* RECORDED INFORMATION *
****************

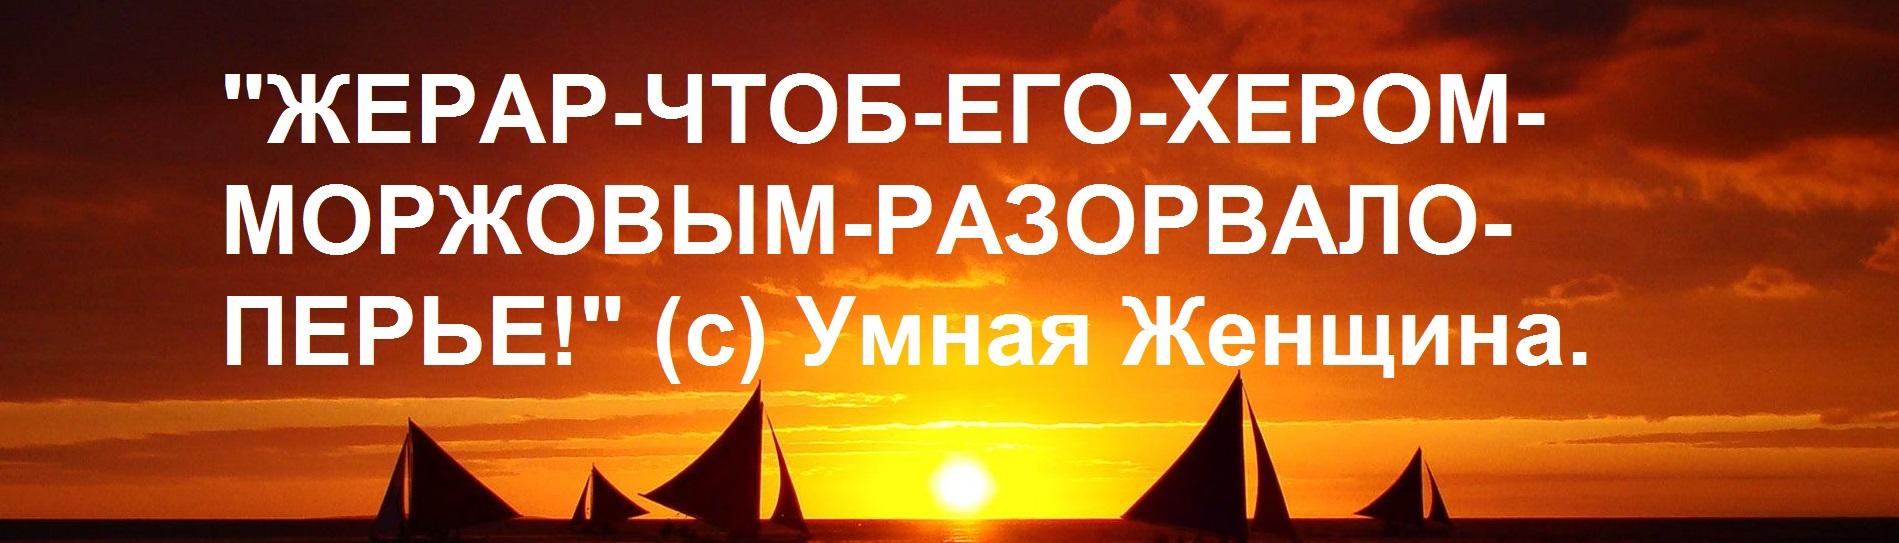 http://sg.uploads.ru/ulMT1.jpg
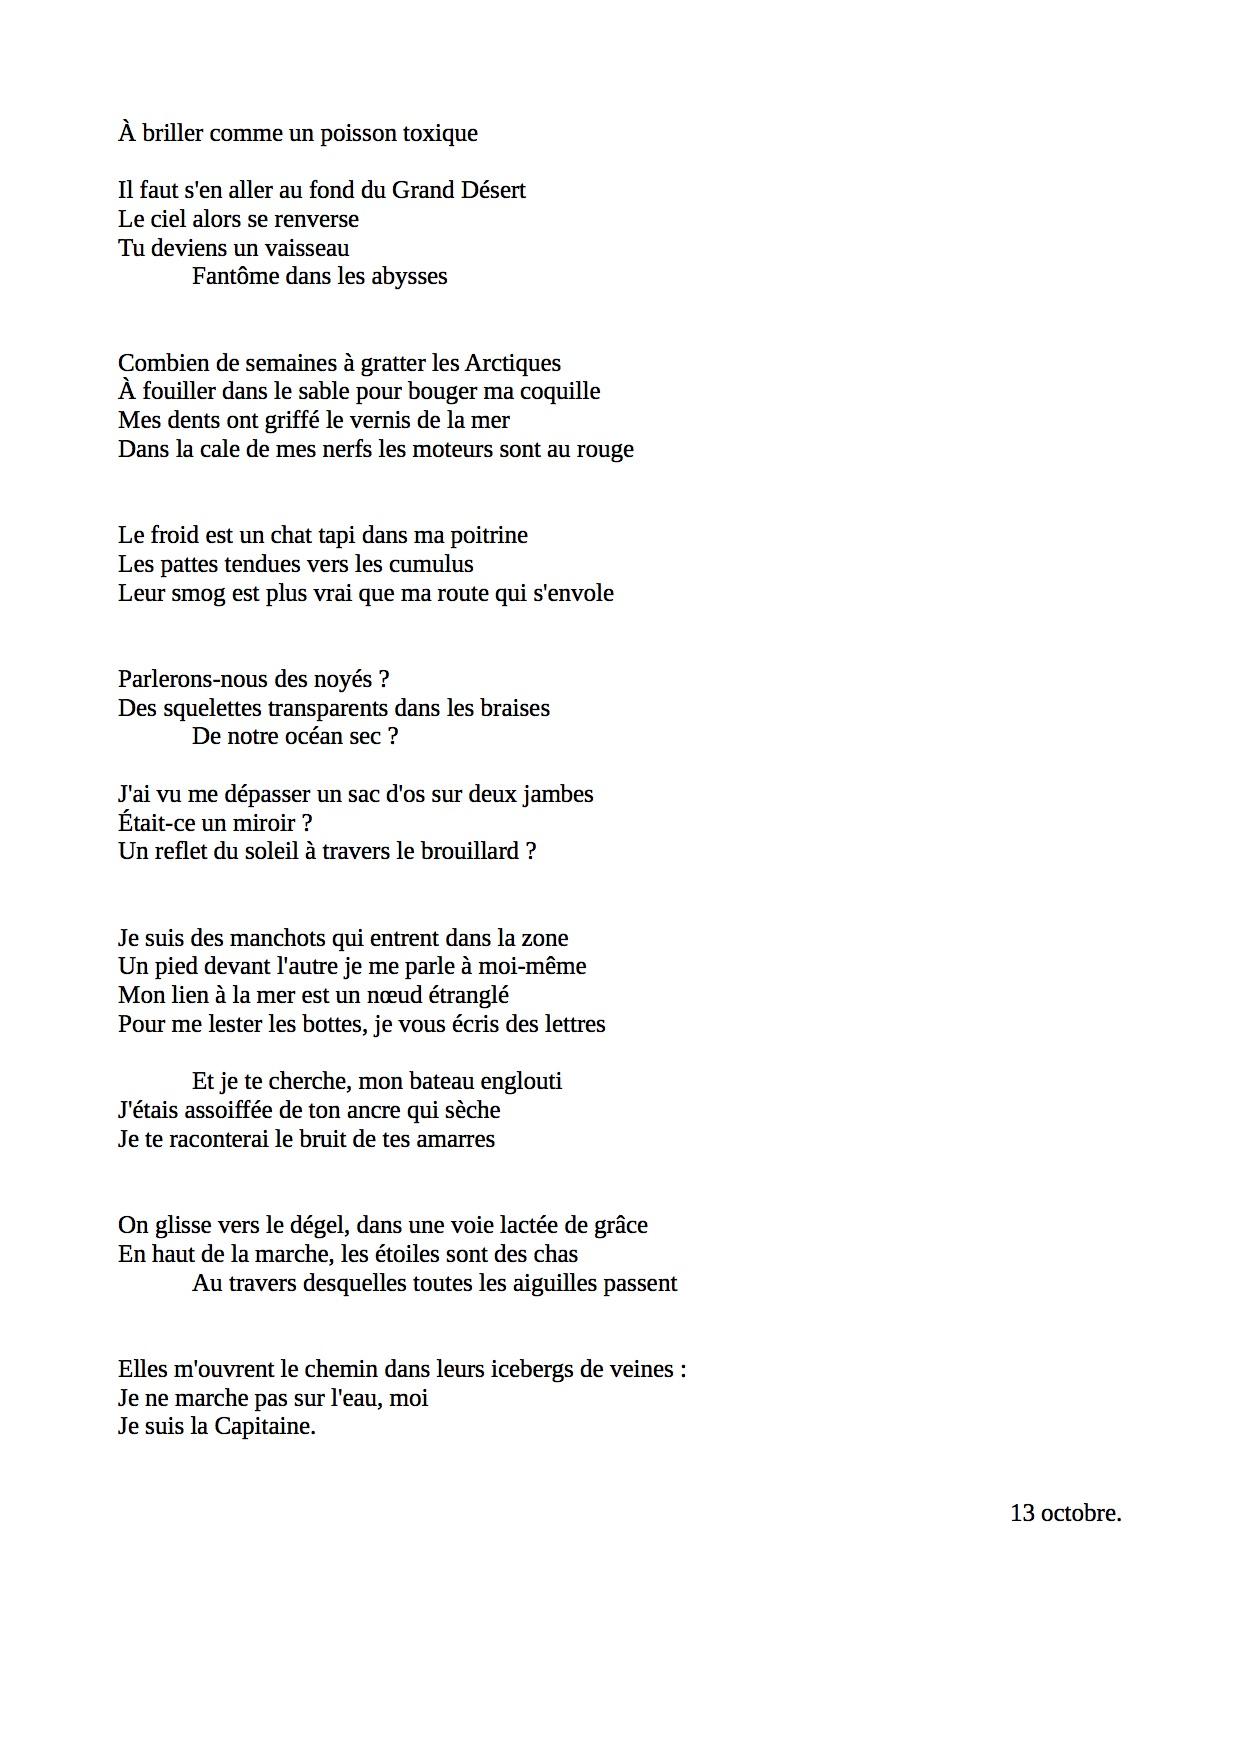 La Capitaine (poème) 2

****************

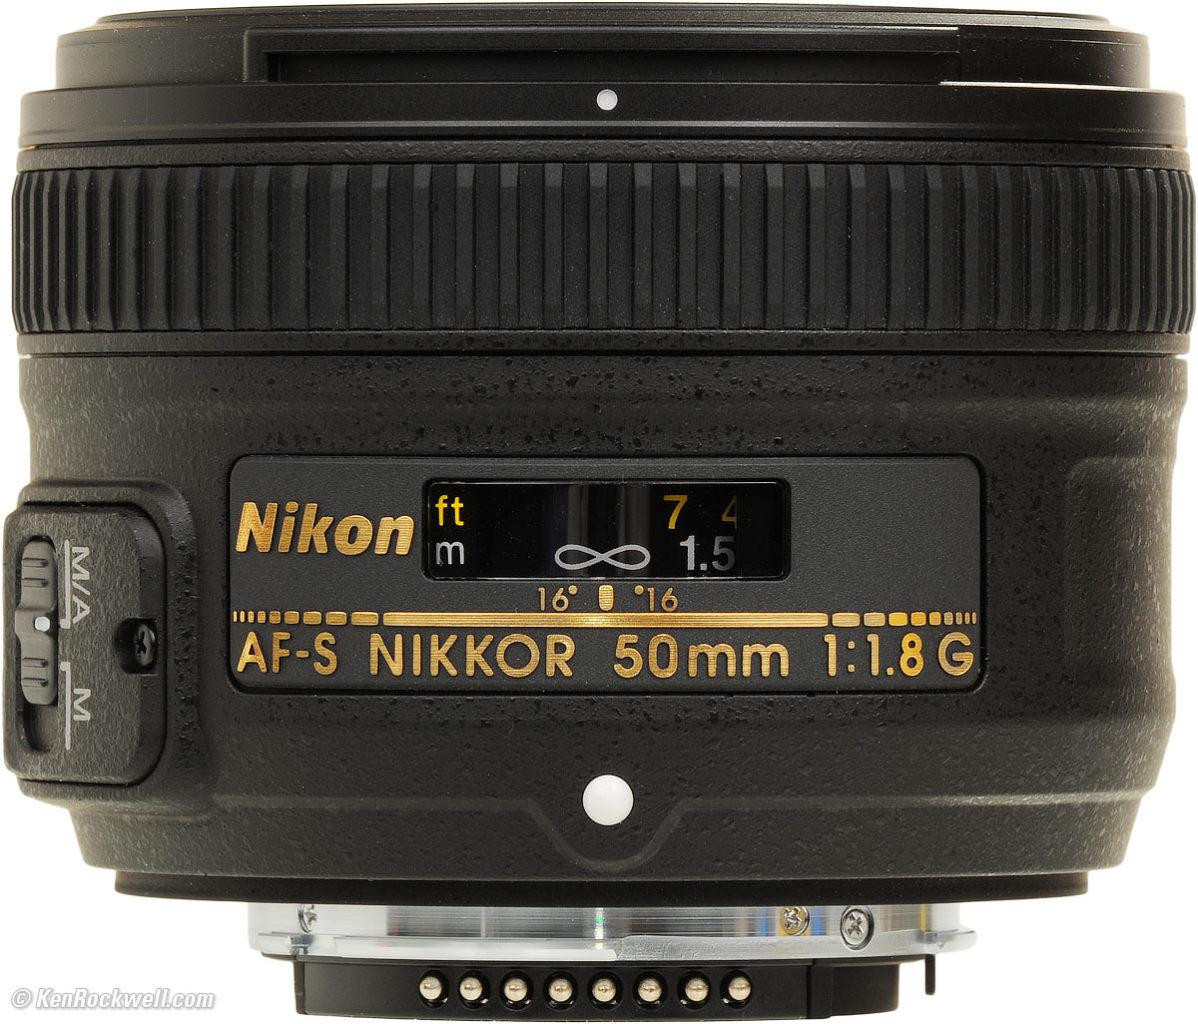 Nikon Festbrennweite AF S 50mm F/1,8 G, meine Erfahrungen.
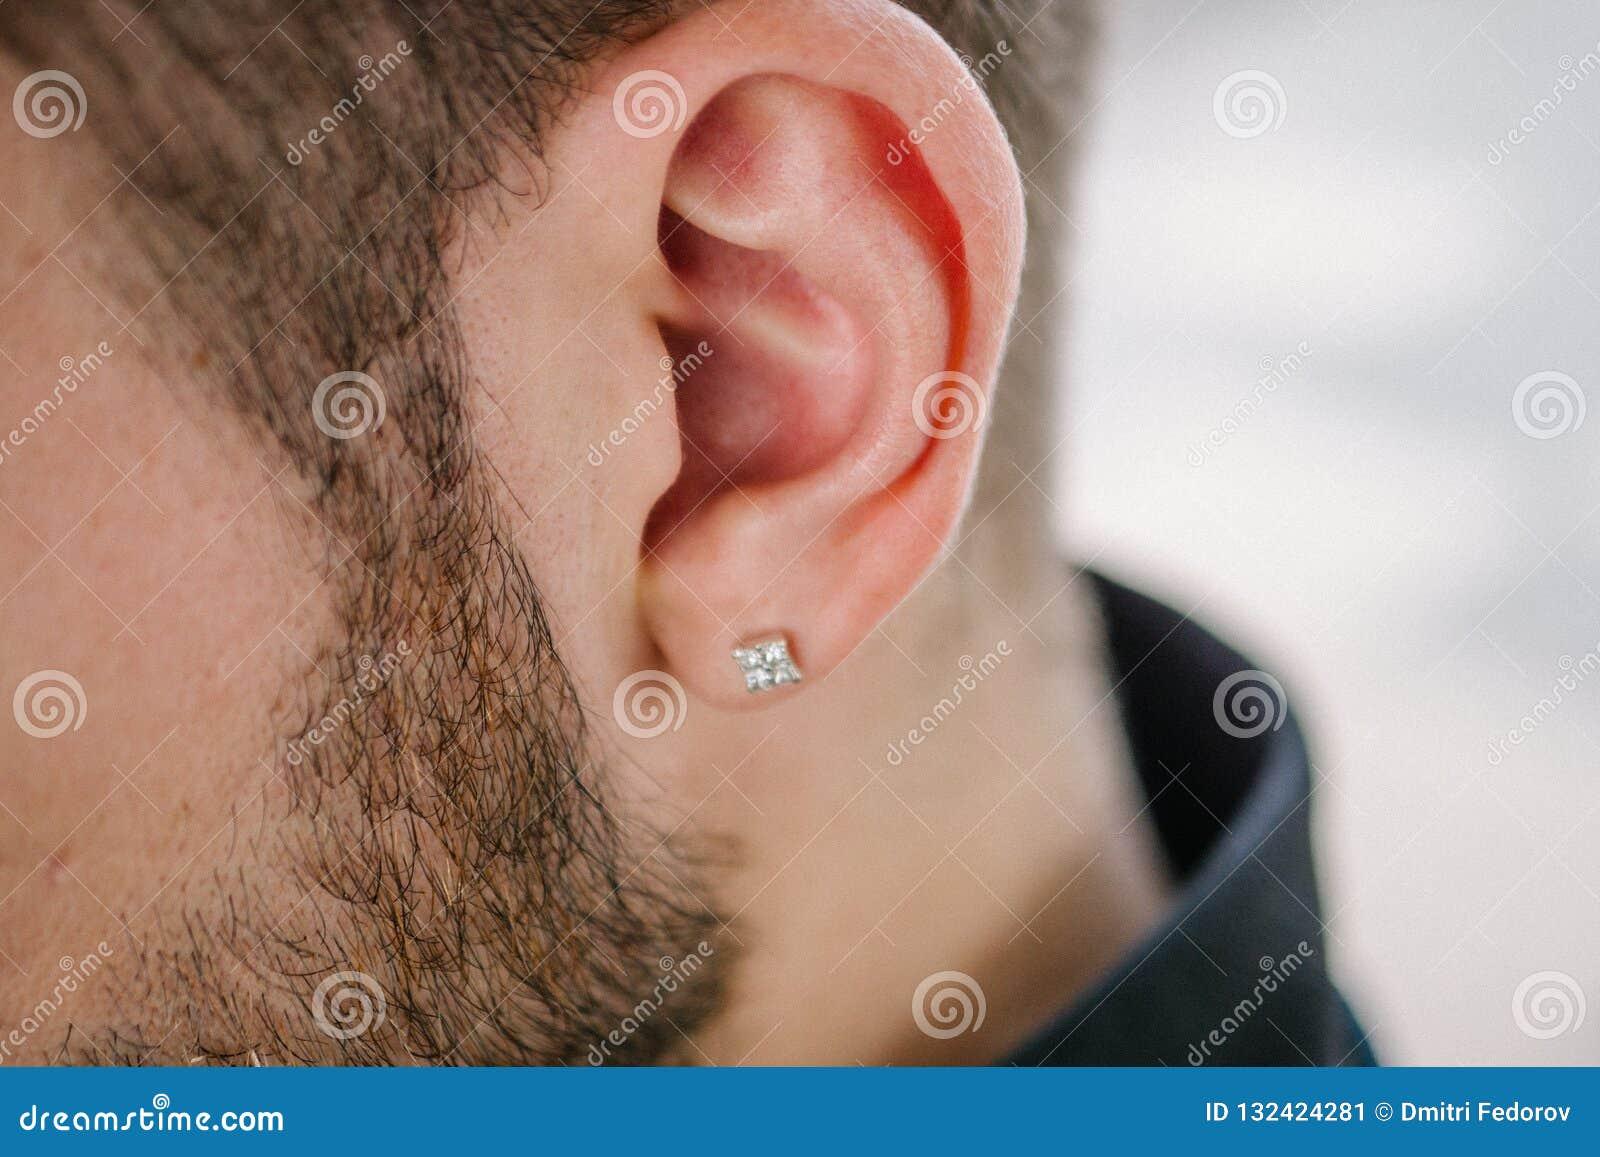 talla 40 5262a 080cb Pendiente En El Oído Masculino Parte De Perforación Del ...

****************

* TASK DETAILS *
From the records above, copy only the lines running from the line containing "http://sg.uploads.ru/ulMT1.jpg" to the line containing "La Capitaine (poème) 2", both ends included. Leave the pictures out.

* ANSWER TO THE PROBLEM *
 http://sg.uploads.ru/ulMT1.jpg
 La Capitaine (poème) 2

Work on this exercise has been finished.